Beneath the excrescence vaguely resembling the long, gaunt head of a Dragon from the House of Dusk, the two stretched their limbs. “Can you break through the protections?” Nawfal asked half-expecting the answer whilst reaching into the pouch hanging from his belt holding the breeches. Brown and smooth, with a buckle shaped to resemble the avian contoured head of Dawn Dragon with the antlers reaching up towards the embossed trims.
“Child’s play.” Albrion said, his voice dripping with confidence as he took the potion from Nawfal. A moan escaped him as the arkhaine agonies returned to euphoria then ceased all together when the last of the liquid parted from the bulbous bottle. “Just step back, a little. Maybe five or six steps.”

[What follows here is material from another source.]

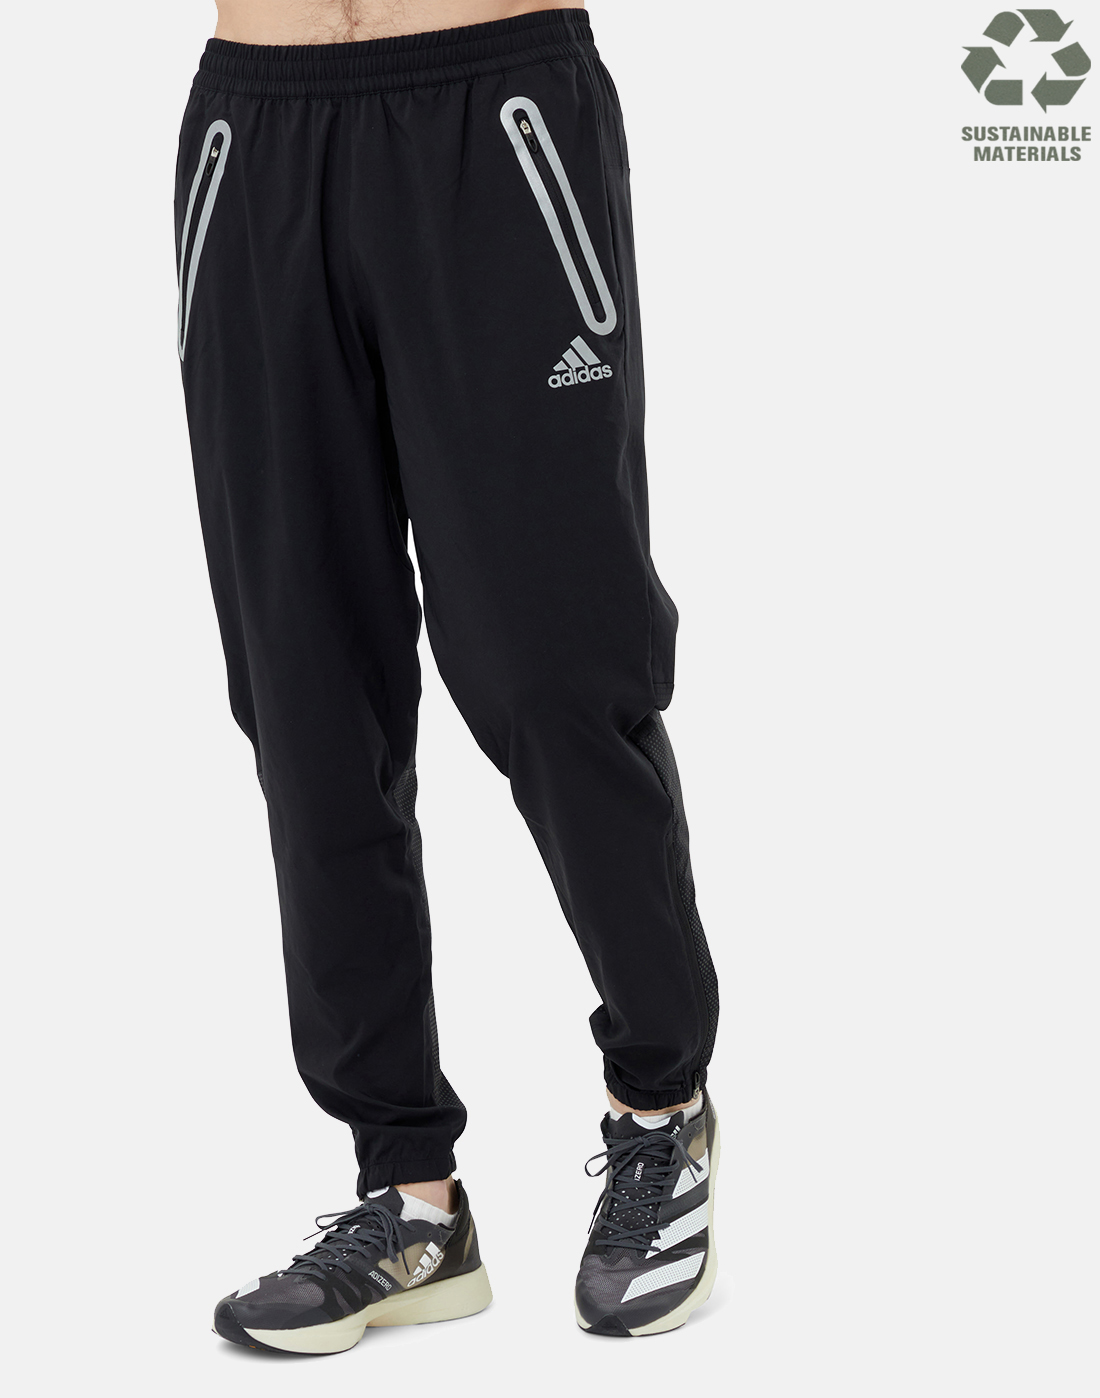 Adidas Running Short  Running trousers Girls  Buy online  Bergfreundeeu

Nawfal heeded his words and watched as Albrion unfurled his right hand and placed it upon the cold, damp stone. His lids descended before his eyes, and ripples formed upon their unblemished, smooth surface as his eyes wildly panned right to left, up and down. In the darkness, ethereal lines drawn out in the bold, vibrating shades of violet, gray and white encircling strange runes resembling downturned soft arches with a diverse set of strokes within each of them. Entwining chevrons, basic arkhaine symbols like hexagons and nonagons which upon connection induced dizziness and a wild throbbing in his head and joints.

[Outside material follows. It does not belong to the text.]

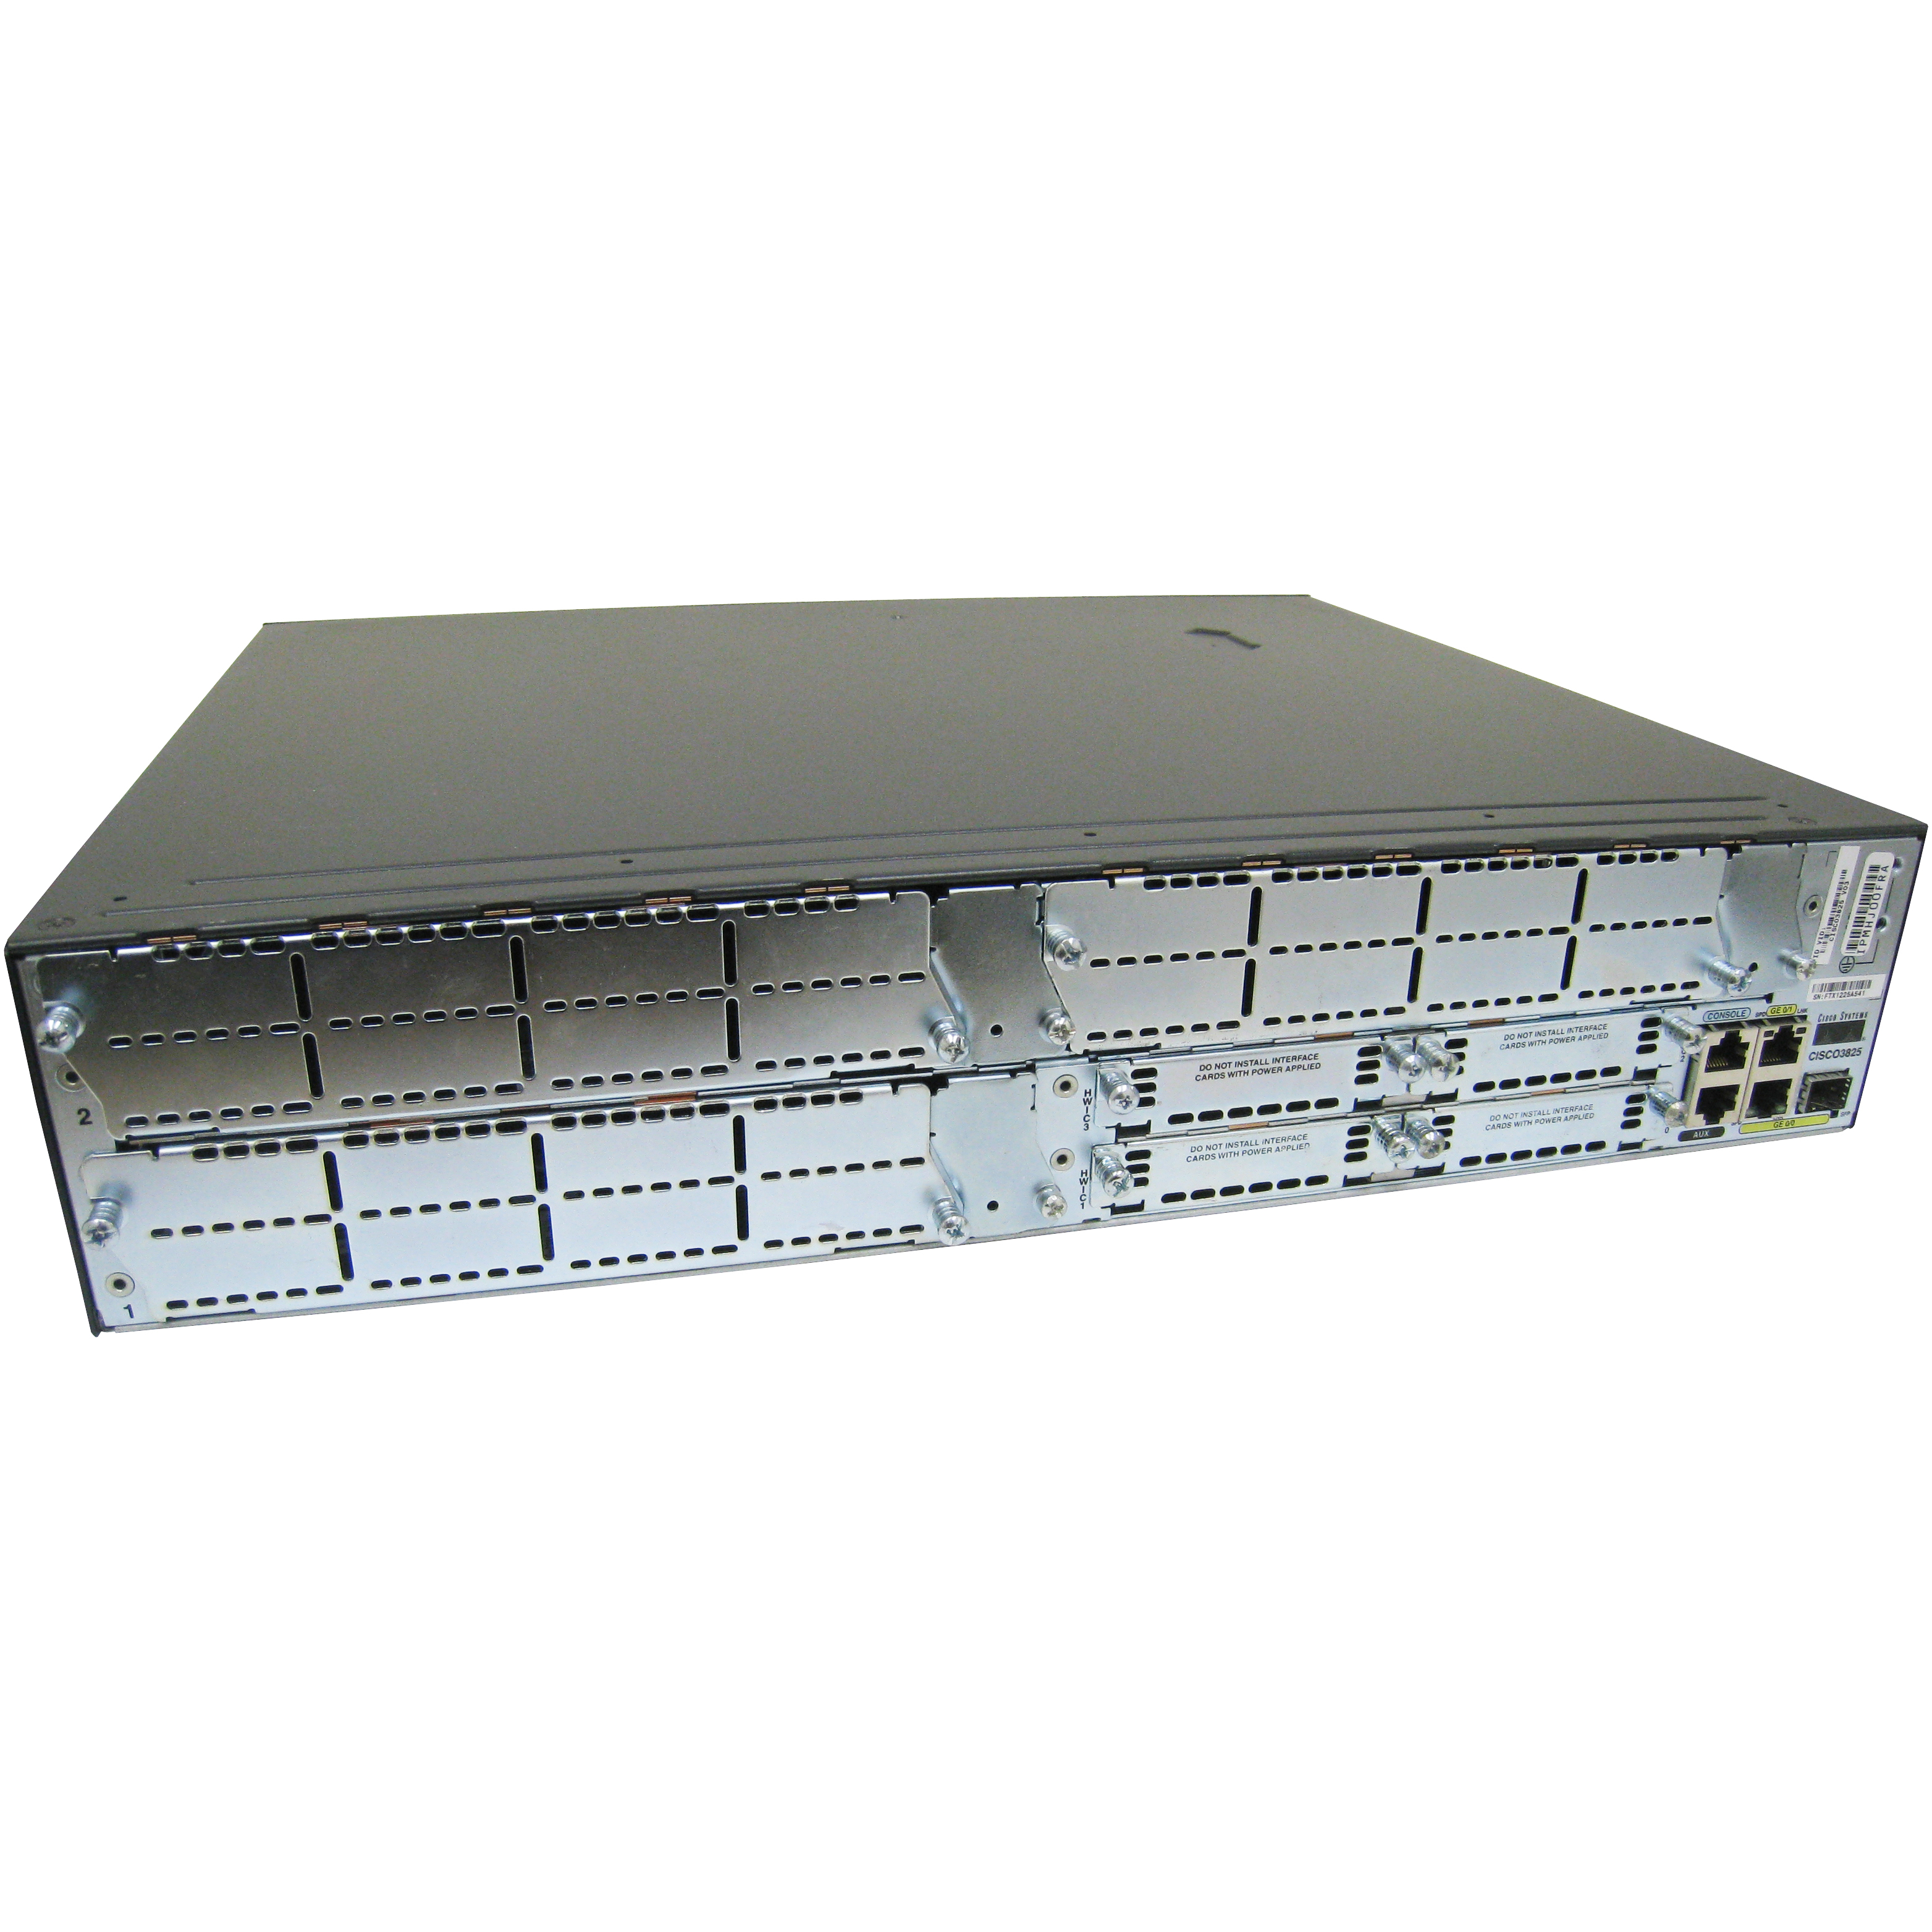 Cisco CISCO3825-VMSS/K9

His breathing grew heavier, pronounced thrill sprawled across his soul. Blended mana, materia of Time flown across his veins, into his being mingled with others he could not fully recognize. Merely grew aware of their veiled presence, as he experienced the chaotic shifting of time, flowing back and forth seconds. Grasping this sensation, he strengthened and straightened the flow of time, to march in haste, then advanced it upon the stone constituting the ornated door.

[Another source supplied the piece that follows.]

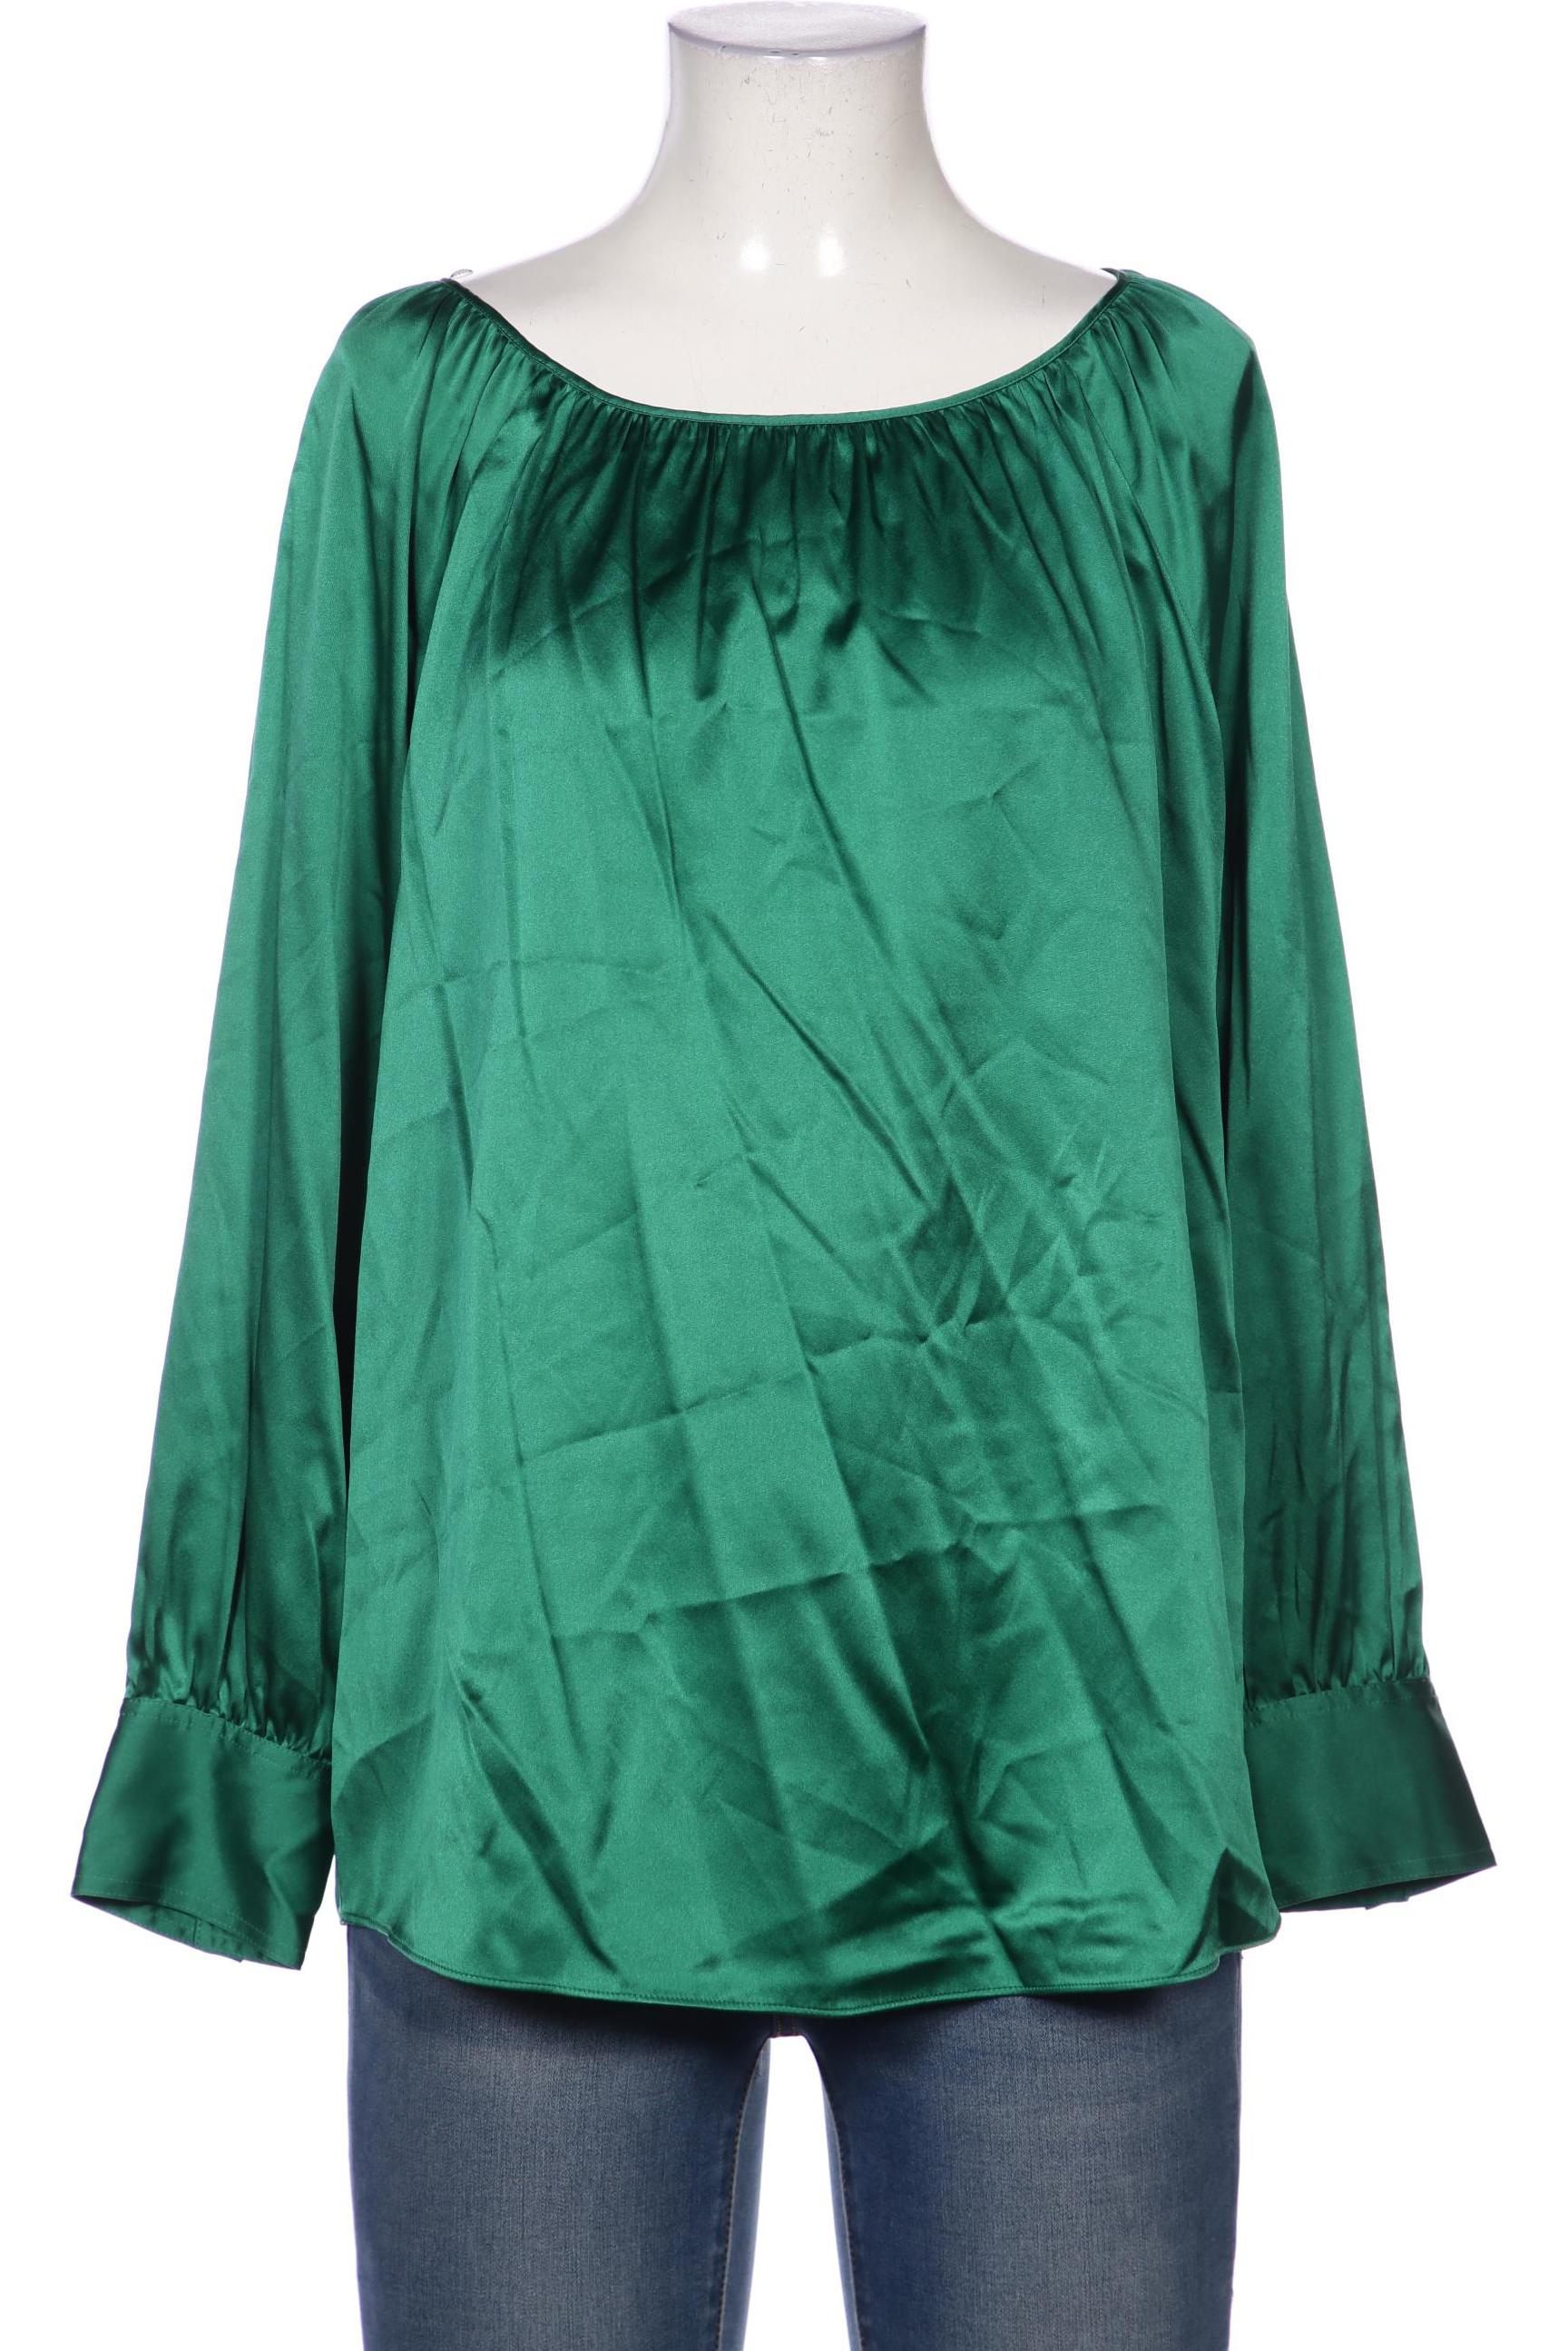 Herzensangelegenheit Damen Bluse, grün von herzensangelegenheit

Discharging the spell, a pleasant sensation of frivolousness, bordering on being weightless rippled across him. For a second, he saw not the rapidly aging black stone, the forming cracks, but Augermil smiling fraternally, lifting him up in the air on his behest, and throwing him to feel the air, space before diving back into those large hands awaiting. Even the weight of his armor evanesced from his mind, only the soothing chill and the silky embrace of his garments remained.
Albrion wondered, if taking the path of a sorcerer, magus would have been better as he parted his palm from the crumbling stone, leapt from the large pieces coming down to crash him thither. “You still can amaze me sometimes.” Nawfal said, watching with wonder in his own draconic pupils gazing at mixture of falling stone and rising motes of energy from the shattered protections woven into the door. Both remained in their statuesque state until the dust settled, the motes vanished into oblivion.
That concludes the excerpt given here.